Perhaps you only mean the Internet and social media? Or the preoccupation with third party entertainment trough a network and computers. Well without them we would not have known about the ideas of Stephen Hawking who now can only really communicate through computer technology. Likewise computer technology enables us to learn about ISIS and other groups whose ideas we may not embrace. The fact is technology is not good or bad it is merely a reflection of the good and bad in ourselves. 

I make my living with computer and network technology being a cloud engineer for a magic quadrant cloud company so of course you would expect me to defend it. However one of my favorite places to go is Seneca Rocks in West Virginia. It is within the national quiet zone of reduced and controlled radio emissions. Cell service is limited and I camp and climb and enjoy spending time outside in nature with friends and family. I enjoy being off the grid as much as I use it otherwise. Despite being a cloud engineer I am off the grid for a weekend or more at least every month. I get off on Earth porn.

It is really not about technology but about our priorities. If we make it a priority to interact directly with others and contribute we advance as individuals and as a society.


----------



## Duguesclin (Jan 18, 2014)

My grandpa was diagnosed with leukemia almost 50 years ago and lasted barely 2 months. My son was diagnosed with it 5 years ago and is still alive.

When my grandma was a little girl, she did not eat every day but worked everyday. My mom did not suffer hunger but had to work in the fields starting at 5 years old, like cleaning beet fields by hand before going to school. I starting working in the fields at 11 years old using a 50HP tractor and a plow. Now my kids ride for fun in the 200HP tractor when they visit my farmer cousins.

We are far better off with technology, no question.


----------



## john117 (May 20, 2013)

I have spent three decades in high tech, including 16 as a user experience designer. Let's say I live and breathe high tech. I have more krap on my desk than a Best Buy...

We can live without the stuff if we try.

We need the stuff because.....

We have lost the desire to enjoy the little things in life. We have lost proportion. Scale. Everything has to be like a freaking wedding. Perfect.

So we escape into consumerism and gorge ourselves with gadgets, each gadget having a limited shelf life till the NEXT freaking gadget.

In three weeks I'm sending my latest bundle of joy to the Las Vegas CES. As I have done every year since 2001. More meaningless gadgets because we have lost the ability to be entertained by a book, a cat, or music...

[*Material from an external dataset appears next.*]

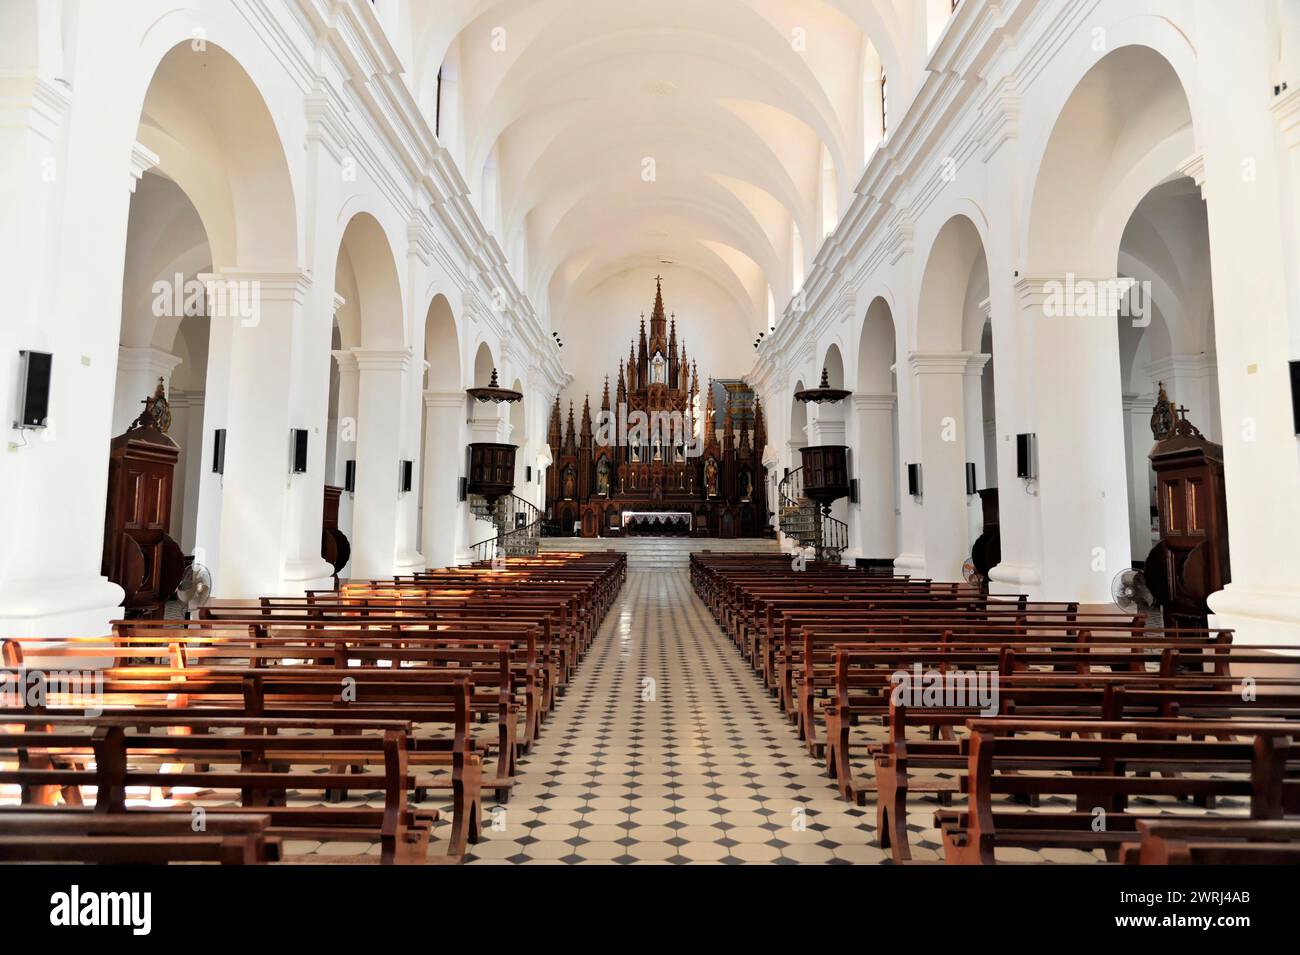 Spacious interior of a Catholic church with Gothic design elements, Trinidad, Cuba, Central America Stock Photo

So if you want a toaster oven with HDMI inputs stop by our booth .


----------



## EleGirl (Dec 3, 2011)

While it can be said that we have lost the desire to enjoy the little things in life... up until not too many years ago, the average person worked hard from sunup to sundown. There was not all that much time and energy to enjoy the little things. Each family had to produce it's own food, home, energy (firewood).

Our lives are easier. We live longer lives. 

Most people are still entertained by books, pets, music.. the gadgets just add to life if a person take heed to balance how they spend their time.

These "gagets" mean that I can work more efficiently, make fewer mistakes that escape. It means I can work from home at least half the week. They mean that I can collaborate with a team made up of people from all over the world. 

I would spend the same number of hours working without the gadgets. But I'd get a lot less done.


----------



## Thundarr (Jul 4, 2012)

EleGirl said:


> I would spend the same number of hours working without the gadgets. But I'd get a lot less done.


This is my experience as well. When I was young, computers were around but not utilized very well. Programmers thought they were some kind of gift to the rest of us. So position after position, I seemingly automated (programmed) myself into be obsolete yet there was always a better, more respected, and higher paying place to go though once my original job didn't require full time effort.

When dealing with manufacturing processes and can say without a doubt that programs I wrote were more consistent than me or my calculator because they did the same thing every single time.

I suppose without Y2K busting the income ceiling out of the roof, I'd still be writing or managing software to automate tedious tasks where I originally cut my teeth and learned to write code.


----------



## Zouz (May 28, 2014)

Jellybeans said:


> For who?


for you partner if you have one ;

otherwise for yourself


----------



## Zouz (May 28, 2014)

Well , Since i am getting so many posts ; I believe it is not a silly topic .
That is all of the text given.